* **WHAT THE TASK REQUIRES**
Among the entries below, the lines from the one with "Lune du 1er novembre 2019" up to and including the one with "Oxford Metal Agenda" are to be restated exactly, without pictures.

* **TASK INPUTS**
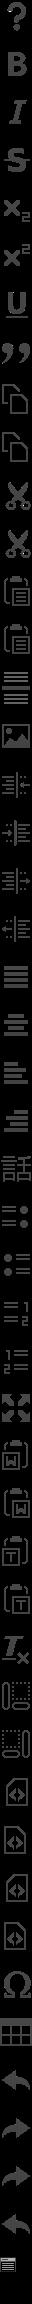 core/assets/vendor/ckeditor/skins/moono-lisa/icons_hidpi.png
* * *
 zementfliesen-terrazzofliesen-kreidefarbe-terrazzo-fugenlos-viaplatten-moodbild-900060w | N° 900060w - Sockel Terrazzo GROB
--
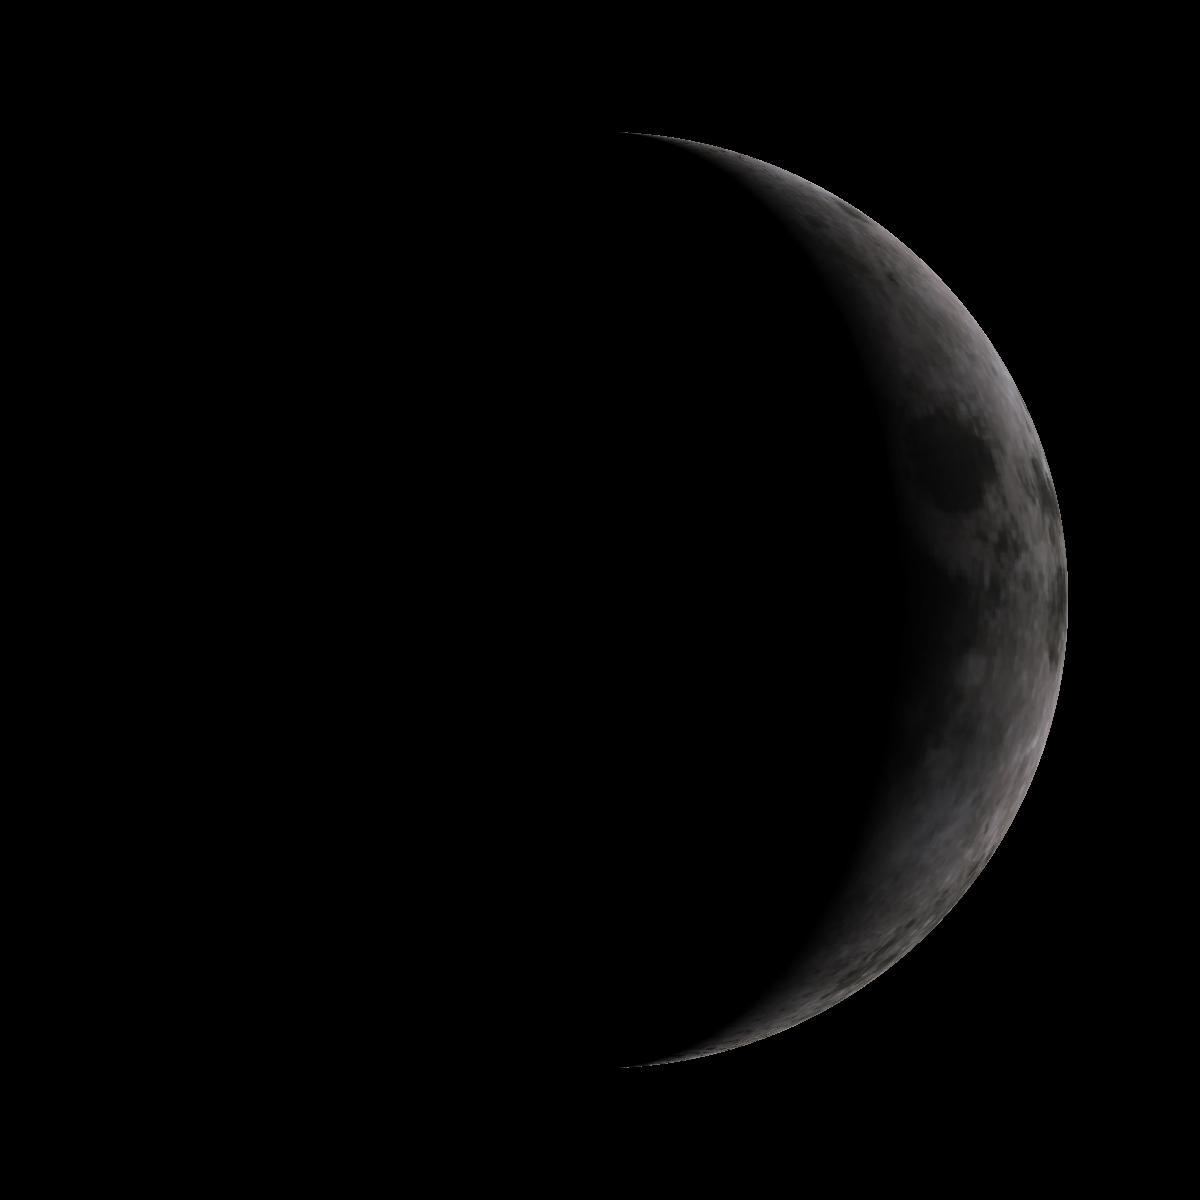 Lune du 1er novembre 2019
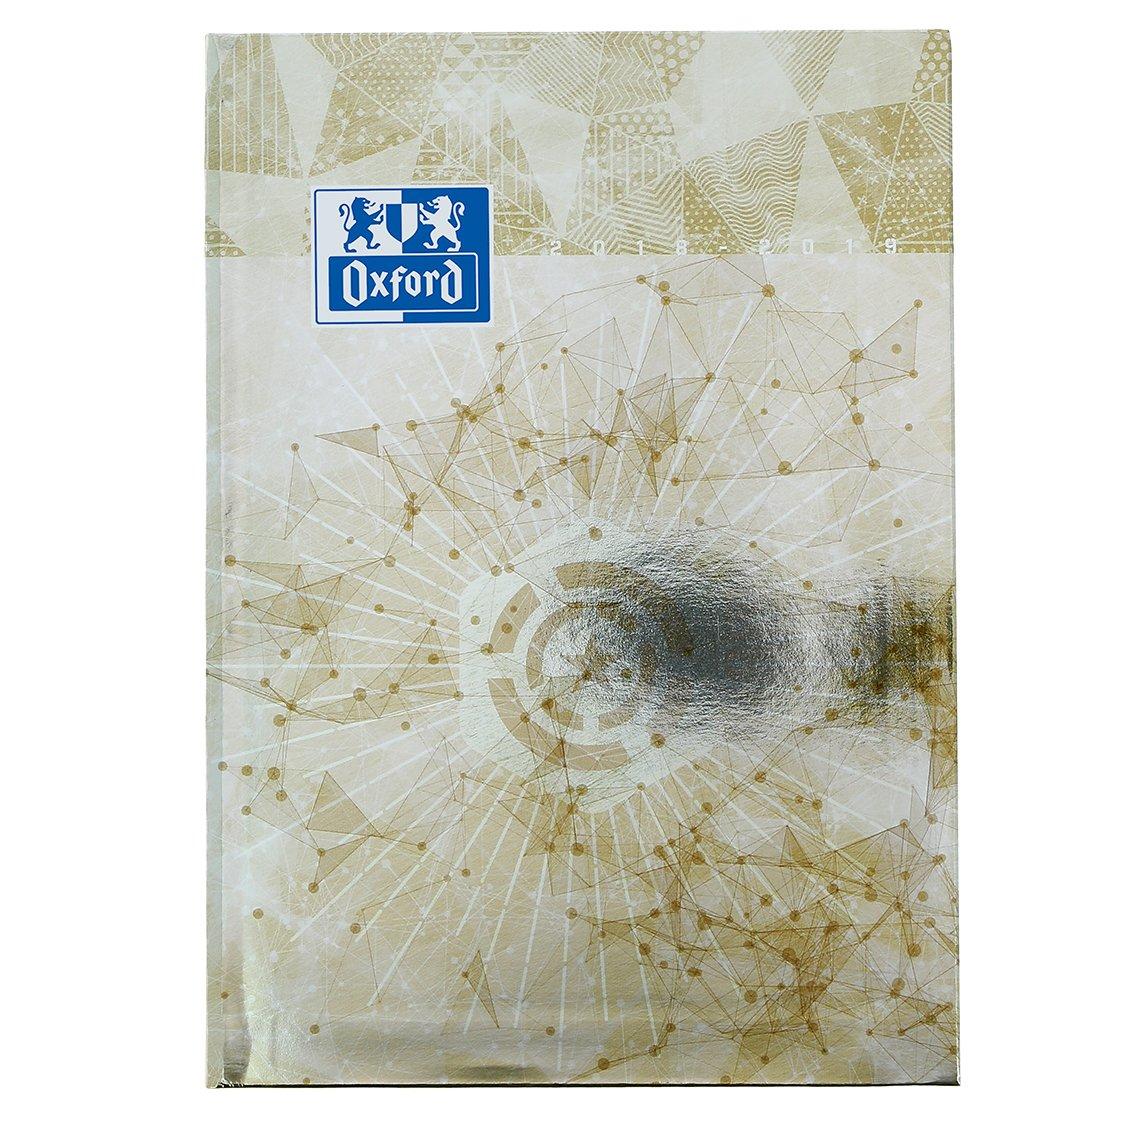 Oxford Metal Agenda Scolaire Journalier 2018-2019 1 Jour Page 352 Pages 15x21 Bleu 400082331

* **THE ANSWER**
 Lune du 1er novembre 2019
 Oxford Metal Agenda Scolaire Journalier 2018-2019 1 Jour Page 352 Pages 15x21 Bleu 400082331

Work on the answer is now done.